Connected to ClickHouse server version 25.3.2 revision 54476.
e7cf71653d41 :)
2. Run the below query for basic aggregation.
SELECT
avg(feature1) as avg_feature1,
stddevPop(feature2) as std_feature2,
quantile(0.99)(feature3) as p99_feature3
FROM large_dataset
Output:
SELECT
avg(feature1) AS avg_feature1,
stddevPop(feature2) AS std_feature2,
quantile(0.99)(feature3) AS p99_feature3
FROM large_dataset
┌───────avg_feature1─┬────────std_feature2─┬───────p99_feature3─┐
│ 0.5002608413633995 │ 0.28872380769587086 │ 0.9908446093587597 │
└────────────────────┴─────────────────────┴────────────────────┘
↘ Progress: 1.00 million rows, 24.00 MB (108.22 million rows/s., 2.60 GB/s.) 99%
1 rows in set. Elapsed: 0.010 sec. Processed 1.00 million rows, 24.00 MB (103.62 million rows/s., 2.49 GB/s.)

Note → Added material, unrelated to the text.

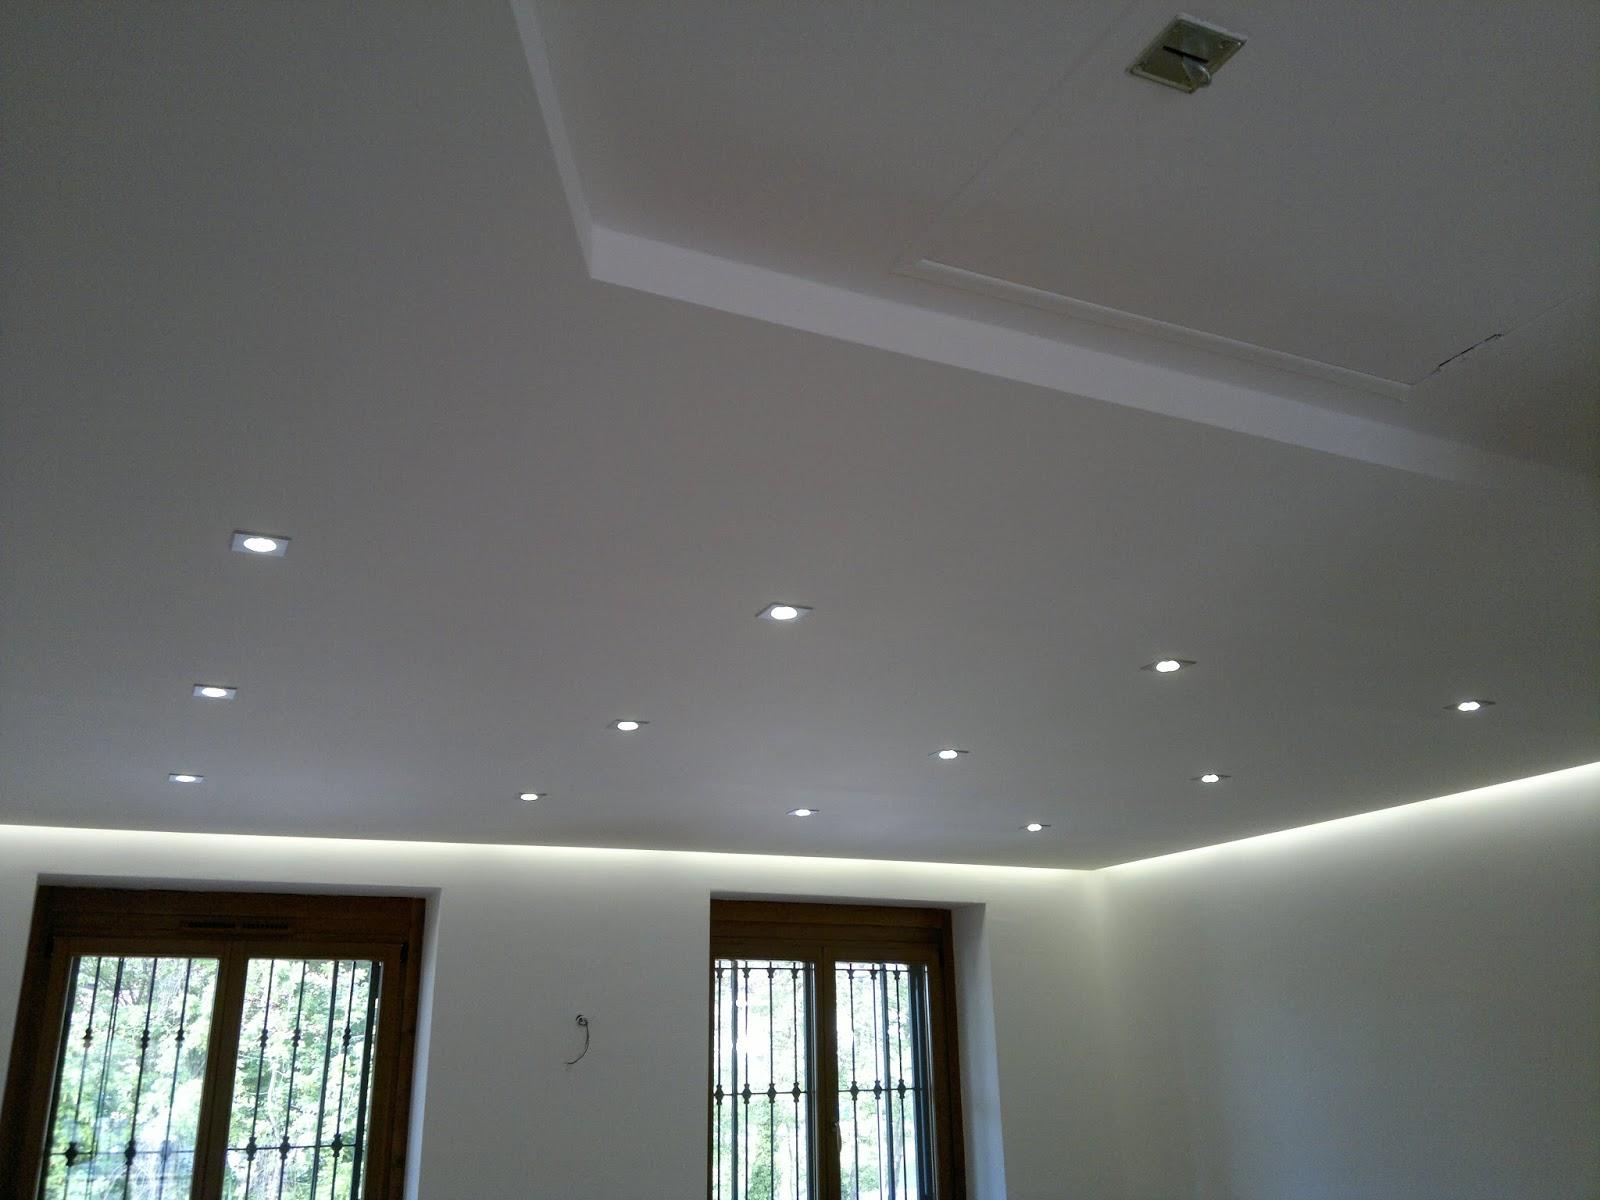 Illuminazione Led casa: Utilizzo del controsoffitto con l'illuminazione a Led

3. Run the below query for filtering and grouping.
SELECT
intDiv(id, 100000) as bucket,
count() as count,
avg(feature1 + feature2) as avg_combined
FROM large_dataset
WHERE feature3 > 0.5
GROUP BY bucket
ORDER BY bucket
Output:
SELECT
intDiv(id, 100000) AS bucket,
count() AS count,
avg(feature1 + feature2) AS avg_combined
FROM large_dataset
WHERE feature3 > 0.5
GROUP BY bucket
ORDER BY bucket ASC
┌─bucket─┬─count─┬───────avg_combined─┐
│ 0 │ 49802 │ 1.0000974894524948 │
│ 1 │ 50131 │ 1.0002304278511396 │
│ 2 │ 49990 │ 1.0011286054623088 │
│ 3 │ 50031 │ 0.9968373869613624 │
│ 4 │ 50022 │ 1.0022925786397234 │
│ 5 │ 50123 │ 0.9986748463314014 │
│ 6 │ 50218 │ 1.0004042381656353 │
│ 7 │ 50041 │ 0.9998849136710541 │
│ 8 │ 50138 │ 1.000476200468667 │
│ 9 │ 49908 │ 1.0030392683409466 │
└────────┴───────┴────────────────────┘
↙ Progress: 1.00 million rows, 28.00 MB (87.21 million rows/s., 2.44 GB/s.) 99%
10 rows in set. Elapsed: 0.012 sec. Processed 1.00 million rows, 28.00 MB (83.71 million rows/s., 2.34 GB/s.)
4. Exit from the ClickHouse shell.
exit
Conclusion
By combining ClickHouse’s columnar storage and vectorized query execution with GPU acceleration on an Ubuntu server, you can achieve exceptional performance when querying large datasets. The setup process is straightforward with Docker, and the performance benefits for analytical workloads are substantial.